Stored data
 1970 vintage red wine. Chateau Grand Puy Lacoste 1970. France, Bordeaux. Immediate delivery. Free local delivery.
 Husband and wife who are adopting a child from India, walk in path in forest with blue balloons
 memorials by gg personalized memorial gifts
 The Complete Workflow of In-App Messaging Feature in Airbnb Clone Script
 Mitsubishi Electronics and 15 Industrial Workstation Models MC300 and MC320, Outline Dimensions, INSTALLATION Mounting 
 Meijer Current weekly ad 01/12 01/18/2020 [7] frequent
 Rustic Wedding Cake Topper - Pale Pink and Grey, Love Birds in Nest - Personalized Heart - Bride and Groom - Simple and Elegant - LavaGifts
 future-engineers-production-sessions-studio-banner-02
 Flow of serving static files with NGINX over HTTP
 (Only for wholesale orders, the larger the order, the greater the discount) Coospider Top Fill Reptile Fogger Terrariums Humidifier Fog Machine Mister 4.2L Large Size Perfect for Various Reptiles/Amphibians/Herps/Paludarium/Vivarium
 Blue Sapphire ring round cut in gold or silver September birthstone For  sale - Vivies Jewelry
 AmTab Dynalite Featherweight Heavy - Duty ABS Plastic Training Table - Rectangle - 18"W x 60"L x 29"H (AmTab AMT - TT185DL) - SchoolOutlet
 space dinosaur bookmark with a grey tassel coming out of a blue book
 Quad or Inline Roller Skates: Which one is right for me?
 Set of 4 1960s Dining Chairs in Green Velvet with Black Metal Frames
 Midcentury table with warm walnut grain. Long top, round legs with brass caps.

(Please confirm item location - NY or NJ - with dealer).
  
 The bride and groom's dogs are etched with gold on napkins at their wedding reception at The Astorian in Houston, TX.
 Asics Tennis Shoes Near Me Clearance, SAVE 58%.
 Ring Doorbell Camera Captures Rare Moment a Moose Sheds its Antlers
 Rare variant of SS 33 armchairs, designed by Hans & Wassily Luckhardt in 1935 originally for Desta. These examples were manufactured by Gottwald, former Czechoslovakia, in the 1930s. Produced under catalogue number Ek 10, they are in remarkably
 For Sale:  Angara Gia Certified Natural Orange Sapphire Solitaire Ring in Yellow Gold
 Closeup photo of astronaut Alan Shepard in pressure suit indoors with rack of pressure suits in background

*ABOUT THIS TASK*.
What you give back should be only the lines of the records above, starting at the line with "Rustic Wedding Cake" and ending at the line with "in Yellow Gold", restated word for word.

*ANSWER AREA*.
 Rustic Wedding Cake Topper - Pale Pink and Grey, Love Birds in Nest - Personalized Heart - Bride and Groom - Simple and Elegant - LavaGifts
 future-engineers-production-sessions-studio-banner-02
 Flow of serving static files with NGINX over HTTP
 (Only for wholesale orders, the larger the order, the greater the discount) Coospider Top Fill Reptile Fogger Terrariums Humidifier Fog Machine Mister 4.2L Large Size Perfect for Various Reptiles/Amphibians/Herps/Paludarium/Vivarium
 Blue Sapphire ring round cut in gold or silver September birthstone For  sale - Vivies Jewelry
 AmTab Dynalite Featherweight Heavy - Duty ABS Plastic Training Table - Rectangle - 18"W x 60"L x 29"H (AmTab AMT - TT185DL) - SchoolOutlet
 space dinosaur bookmark with a grey tassel coming out of a blue book
 Quad or Inline Roller Skates: Which one is right for me?
 Set of 4 1960s Dining Chairs in Green Velvet with Black Metal Frames
 Midcentury table with warm walnut grain. Long top, round legs with brass caps.

(Please confirm item location - NY or NJ - with dealer).
  
 The bride and groom's dogs are etched with gold on napkins at their wedding reception at The Astorian in Houston, TX.
 Asics Tennis Shoes Near Me Clearance, SAVE 58%.
 Ring Doorbell Camera Captures Rare Moment a Moose Sheds its Antlers
 Rare variant of SS 33 armchairs, designed by Hans & Wassily Luckhardt in 1935 originally for Desta. These examples were manufactured by Gottwald, former Czechoslovakia, in the 1930s. Produced under catalogue number Ek 10, they are in remarkably
 For Sale:  Angara Gia Certified Natural Orange Sapphire Solitaire Ring in Yellow Gold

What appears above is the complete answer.